Cisco Systems Inc. is playing for keeps in the UC collaboration space, launching a full-on offensive to Microsoft Corp.’s Lync communication platform. The pitch is simple: Cisco attests its single-vendor extensible platform is more aligned with the needs of modern IT than Microsoft’s multi-vendor hardware approach with Lync. Specifically, Cisco cites the focus on the Windows environment as a detriment to Lync’s flexibility.
Harsh claims, but Cisco backs up its attacks with the results of a survey that queried 3200 global IT professionals. Seventy-two percent of respondents said that a “Windows first” approach would impact businesses” by limiting the breadth of communication on other devices, particularly the quality of service on mobile devices, like iOS and Android. Cisco also attacked Microsoft on its cloud strategy, pointing to Lync’s incomplete feature parity with its cloud counterpart, Lync Online.

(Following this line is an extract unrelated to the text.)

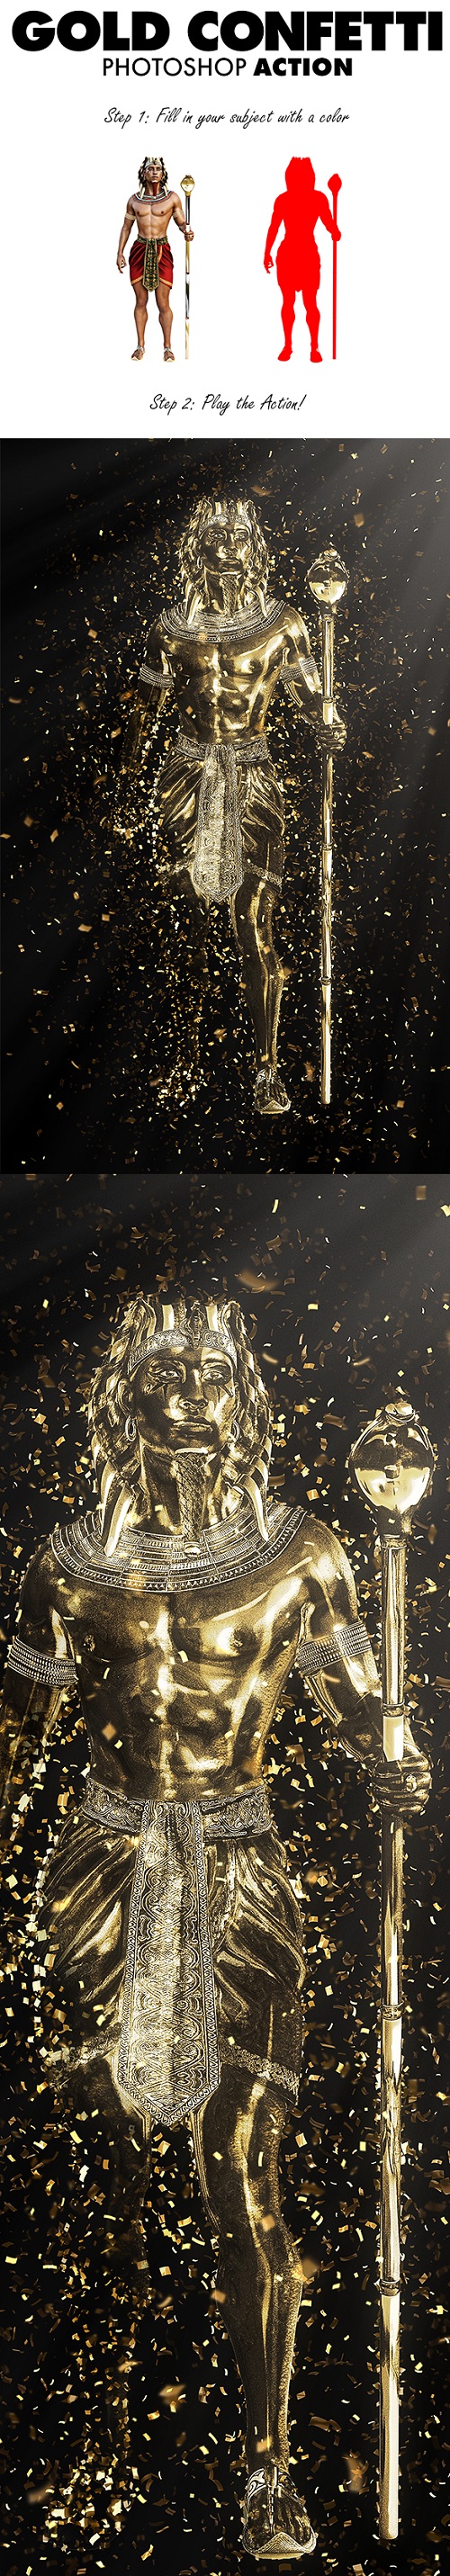 Gold Confetti Photoshop Action 20237930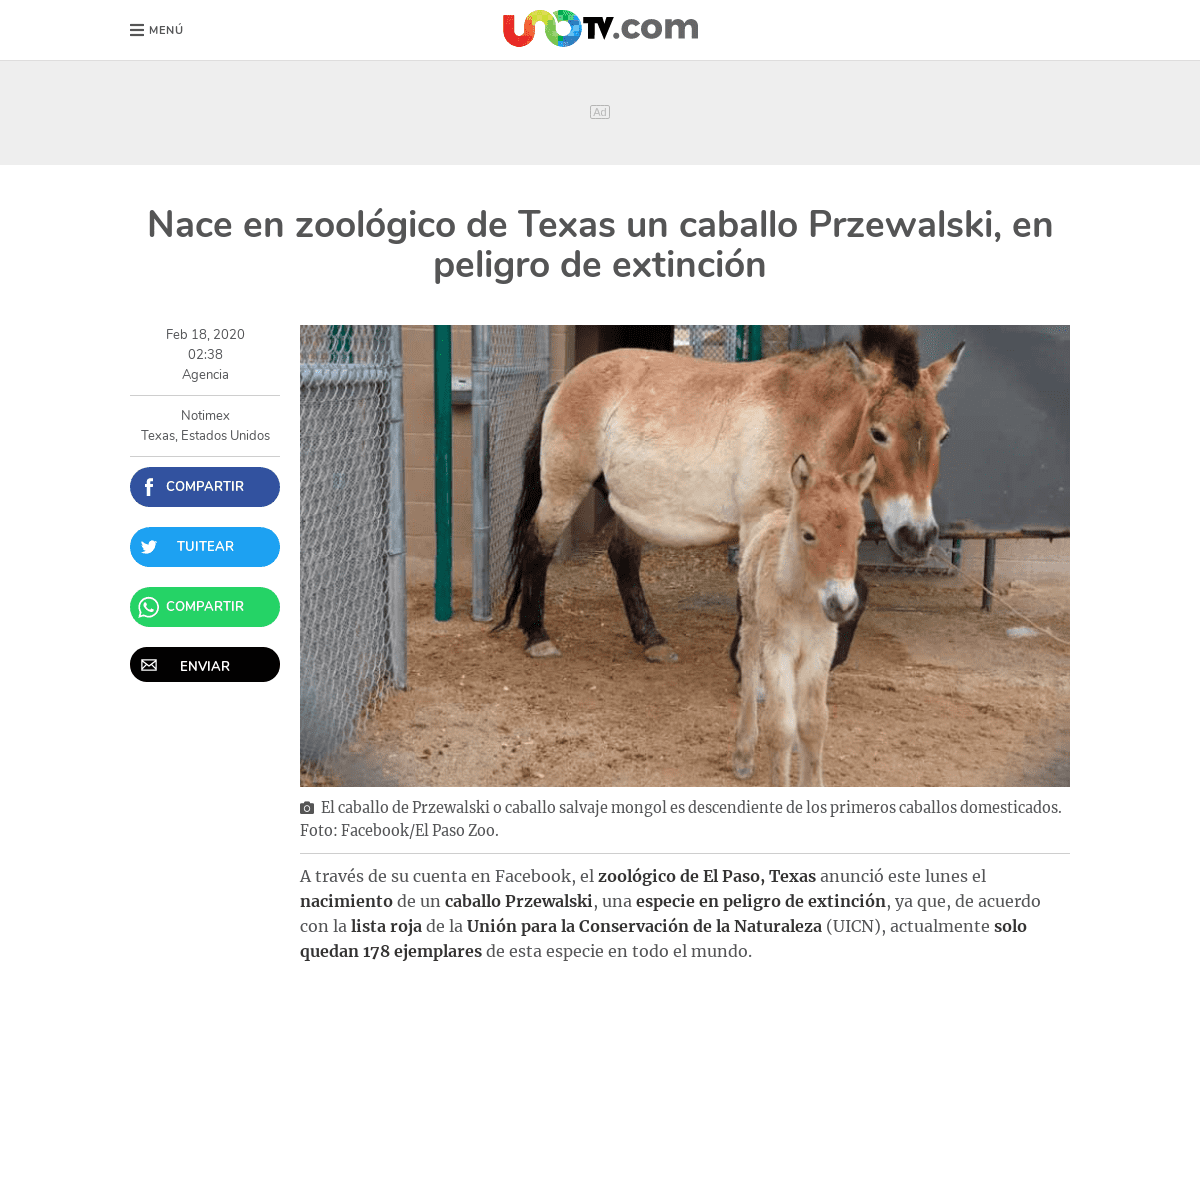 A complete backup of www.unotv.com/noticias/portal/internacional/detalle/nace-en-zoologico-de-texas-un-caballo-przewalski-en-pel

With 80 percent of IT pros expecting the same enterprise-grade voice and video service from the cloud, Cisco says this weaken’s Microsoft’s strategy.
Cisco’s results also revealed that 47 percent of respondents don’t use Lync for “business critical external communications,” and a sizable 78 percent feel a multi-vendor approach to a UC hardware can negatively impact businesses, particularly in troubleshooting situations or when something goes wrong. (To be fair, this complexity represents a sizable support opportunity for solution providers working with Lync.)
In a corporate blog post, Rowan Trollope, senior vice president of Cisco’s Collaboration Technology Group, says Microsoft’s user engagement options with Lync are inherently limited by its platform focus. ”Microsoft’s approach with Lync leaves out several important collaboration elements many enterprise organizations find critical today – such as phones, video endpoints, voice and video gateways, networking and cloud PSTN connections. These components need to be procured, integrated and supported separately for those who choose to use Lync,” argues Trollope. In addition, Trollope alludes that Lync could hamper flexibility of BYOD and prevent future interoperable collaboration platforms from being adopted, particularly move moving to the cloud.
Those claims, and more, are now the central focus of a Cisco “microsite” devoted to the “controversy” of this “conversation.” In truth, Cisco isn’t entirely wrong, but it is a bit disingenuous on some of its its assertions.
Even as Microsoft Windows fades from being the most prominent OS of choice, it still claims a sizable hold on corporate culture, which means PC aren’t going anywhere — virtualized or physical. And with Office 365 just getting off the ground, Lync could get a boost as users enjoy what Microsoft’s cloud services offer, and cloud feature parity is not an unfixable problem. While it may be Cisco’s modus operandi to hammer away at its competitors, Microsoft’s technology, while still maturing, is far form the ineffective platform Cisco would make it out to be. Like all things, VARs, MSPs and communication providers need to lead with the solution best attuned to their customer needs.